(DATASET EXCERPT Opens)

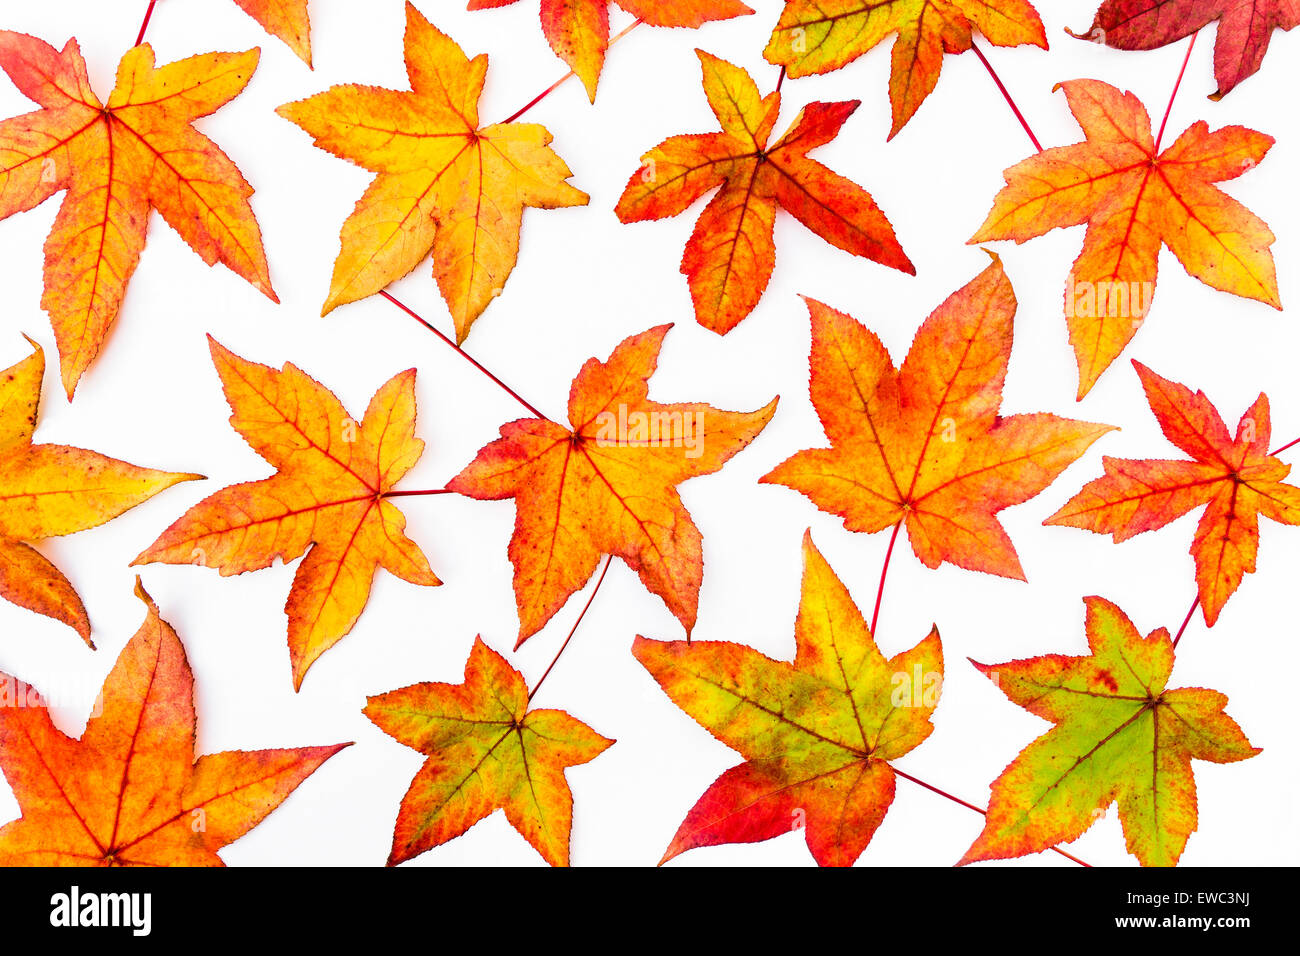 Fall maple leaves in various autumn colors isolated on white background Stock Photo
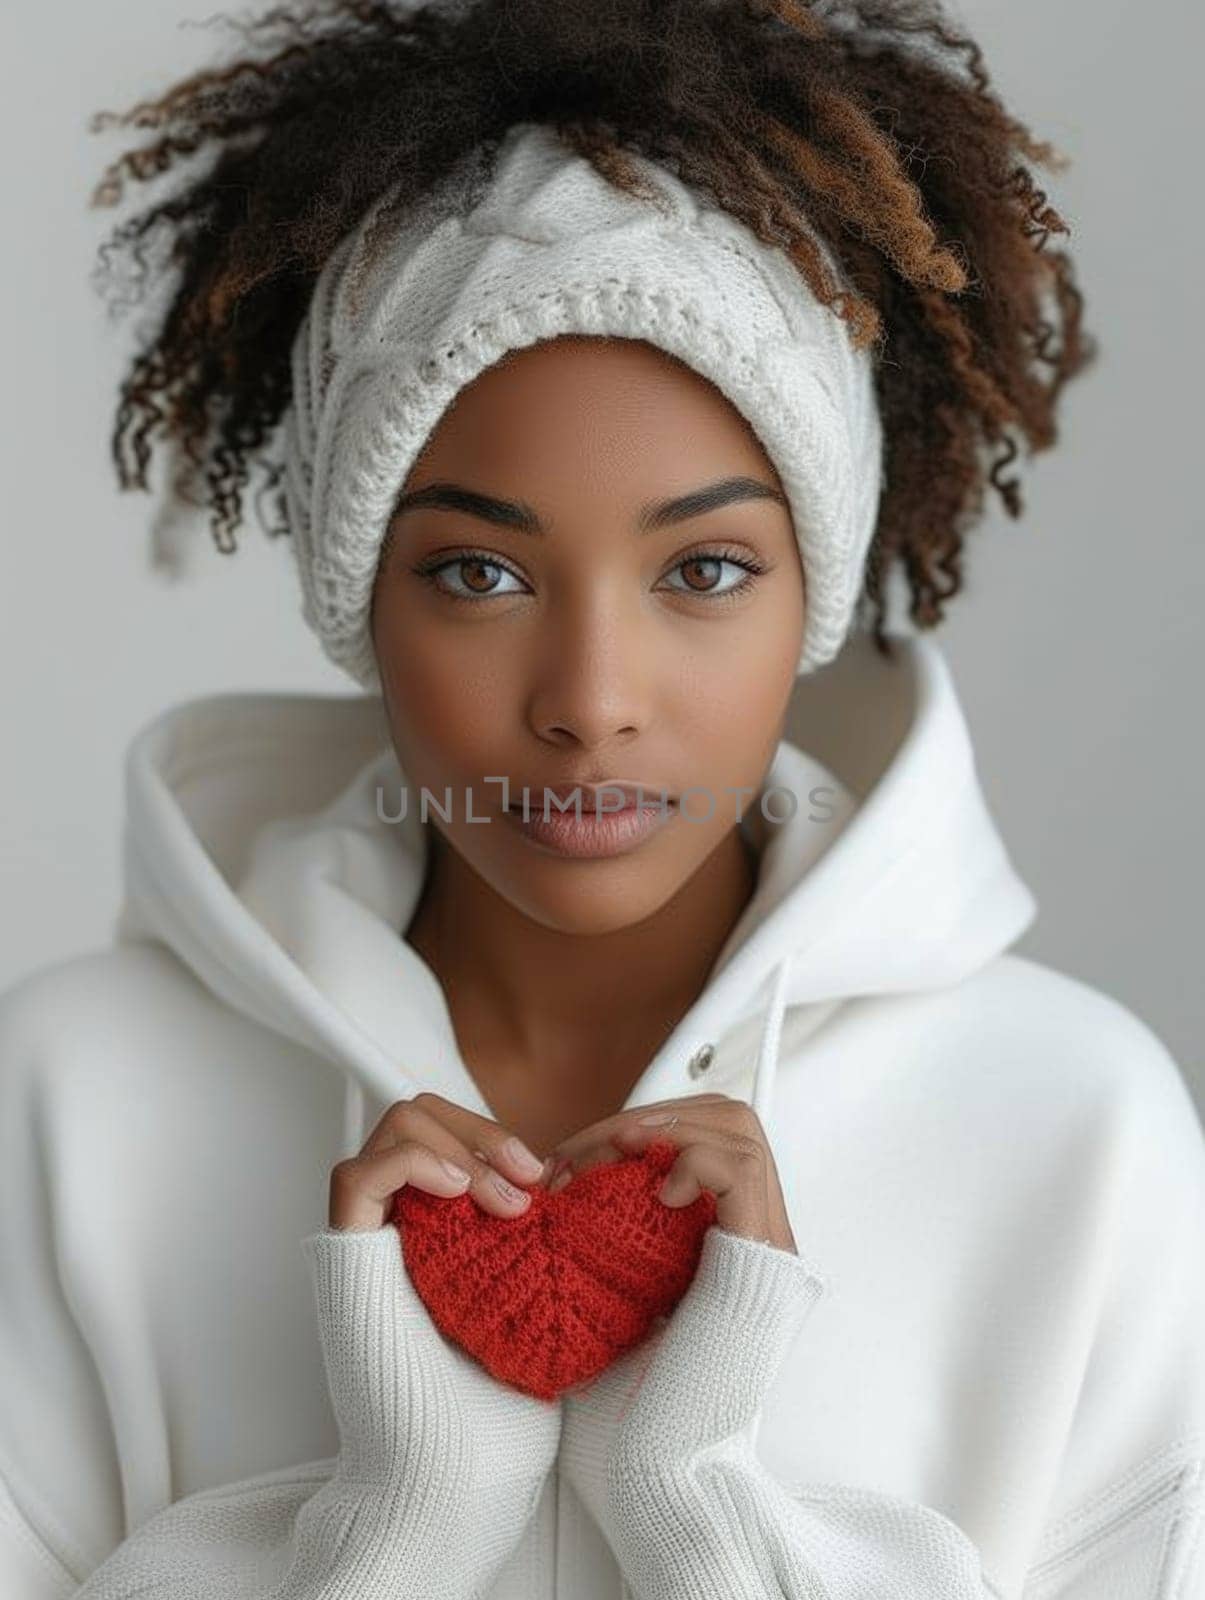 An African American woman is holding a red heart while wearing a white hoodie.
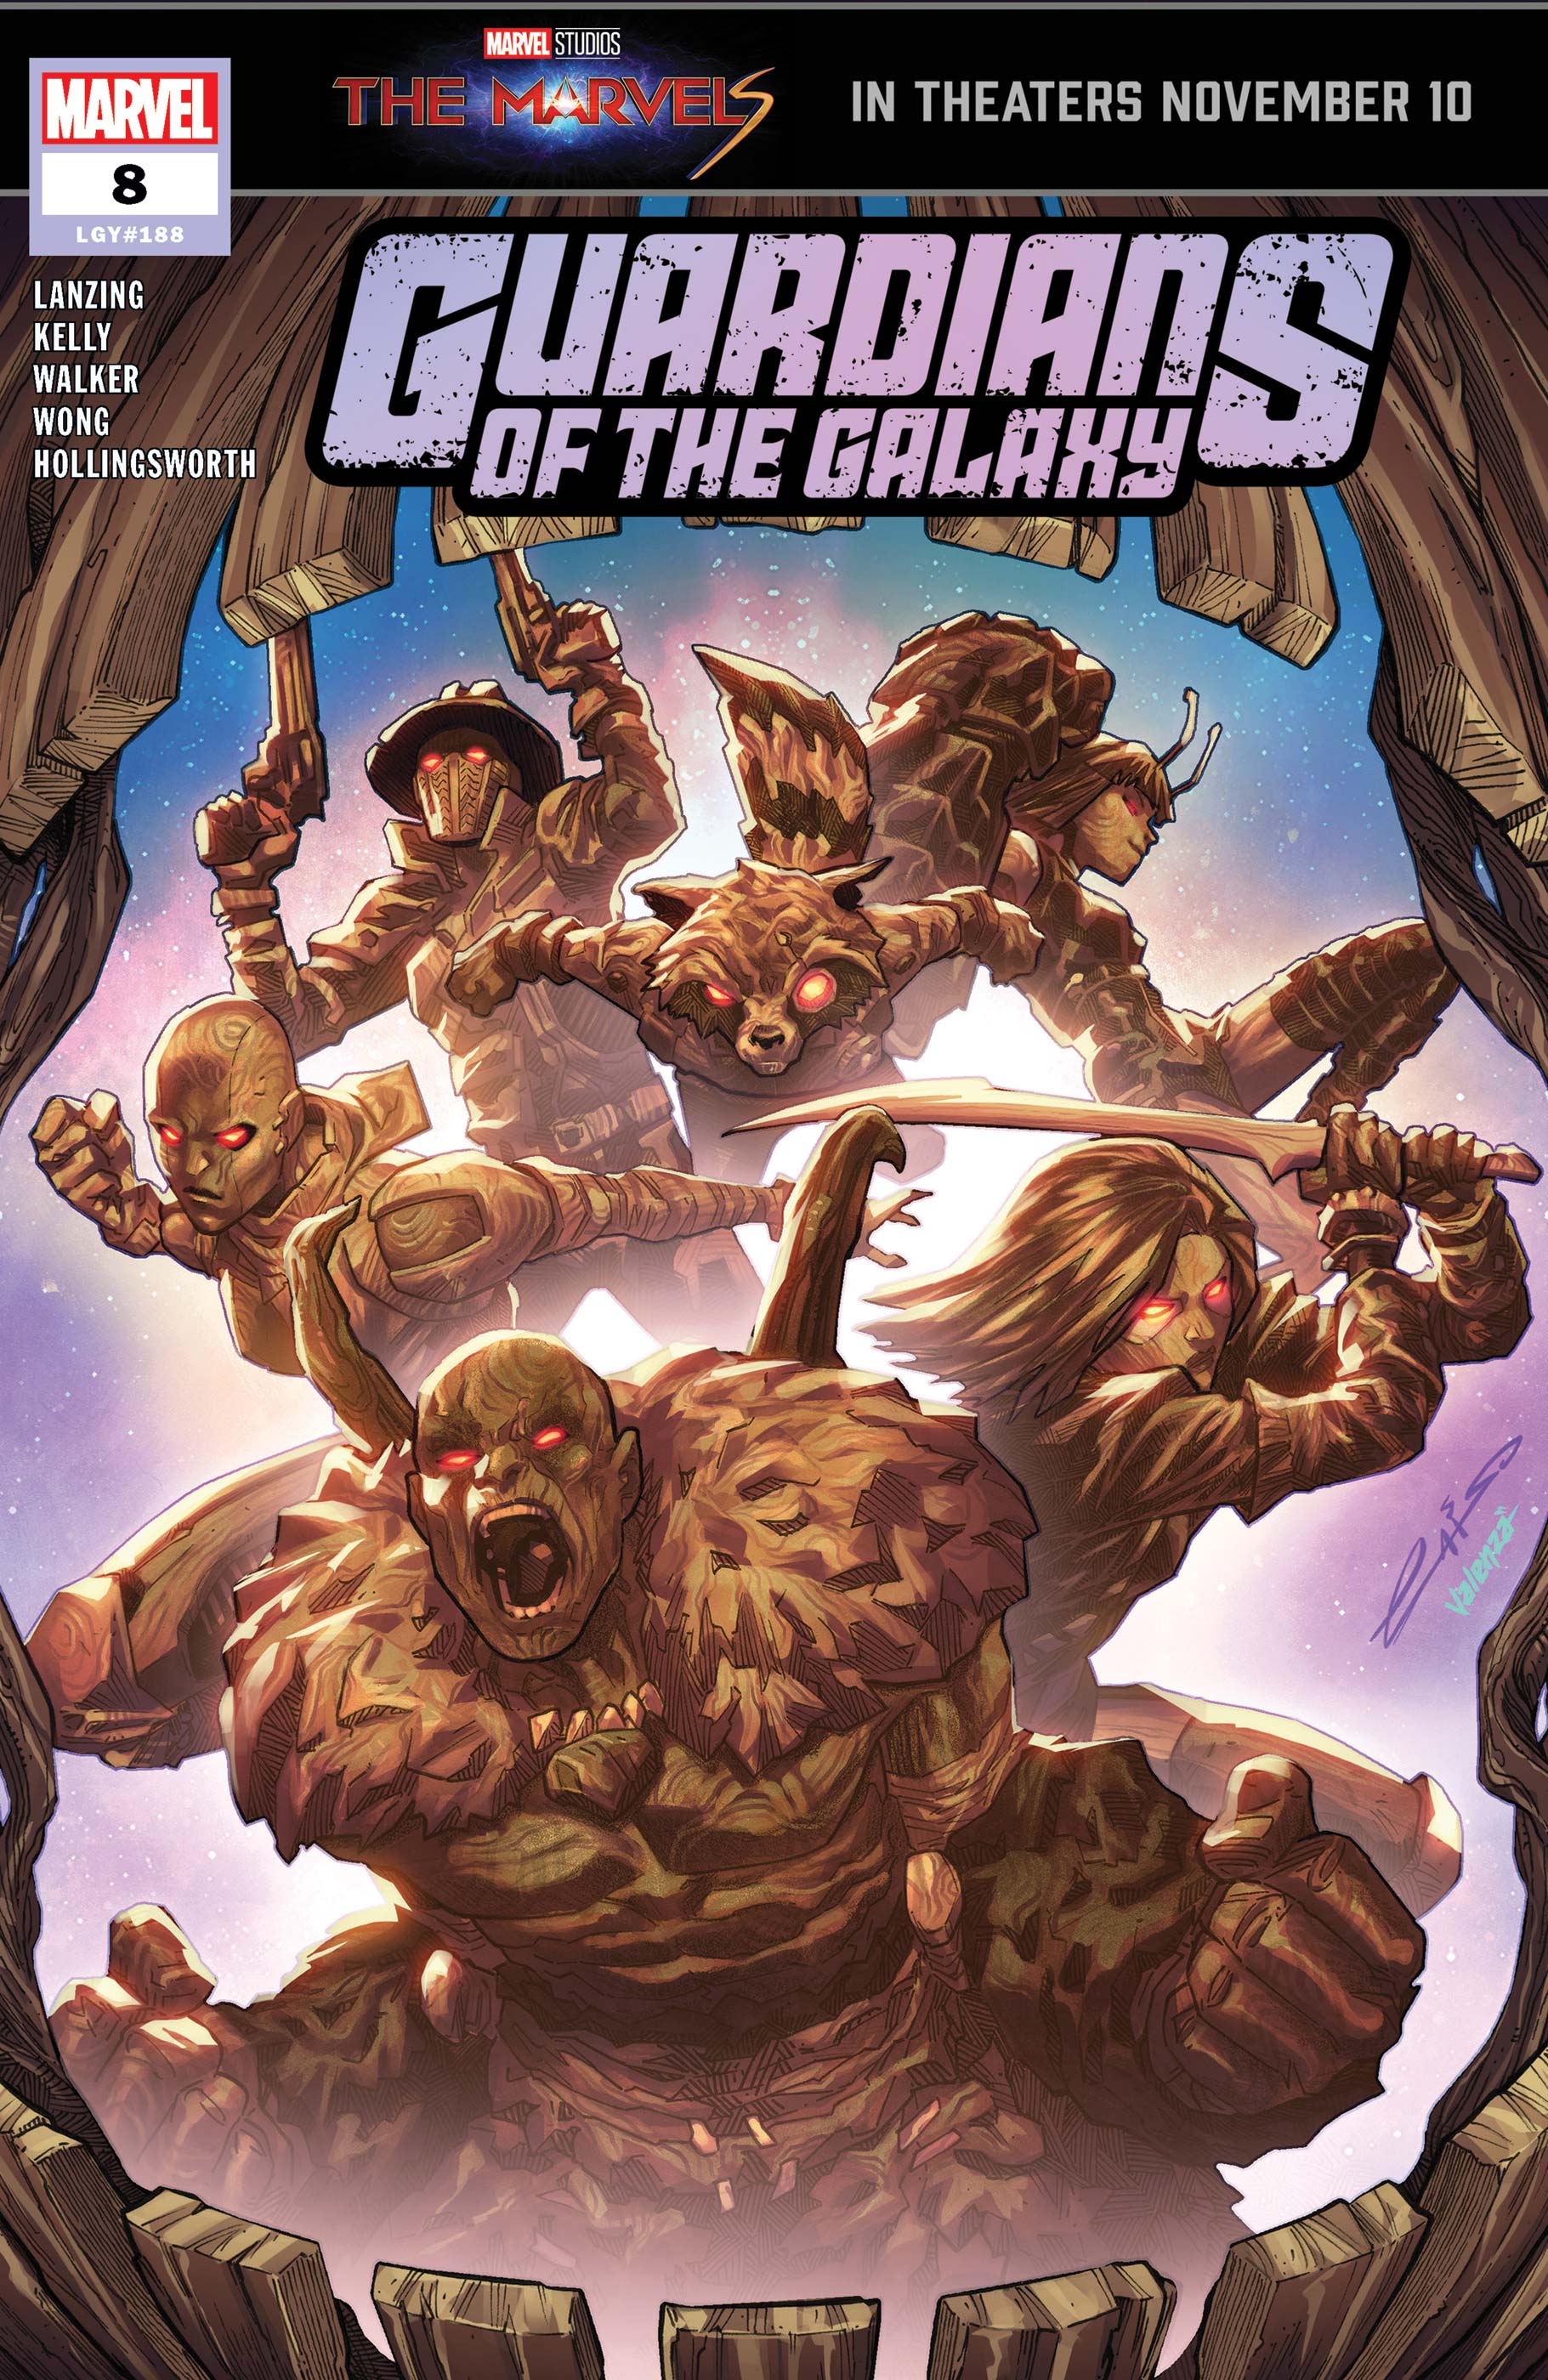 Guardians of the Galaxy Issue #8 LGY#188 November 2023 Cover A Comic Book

(DATASET EXCERPT Closes)

DIRECTIONS FOR THIS TASK. Return the listing above in an exact copy that leaves out the images.

FINISHED TASK.
 Fall maple leaves in various autumn colors isolated on white background Stock Photo
 An African American woman is holding a red heart while wearing a white hoodie.
 Guardians of the Galaxy Issue #8 LGY#188 November 2023 Cover A Comic Book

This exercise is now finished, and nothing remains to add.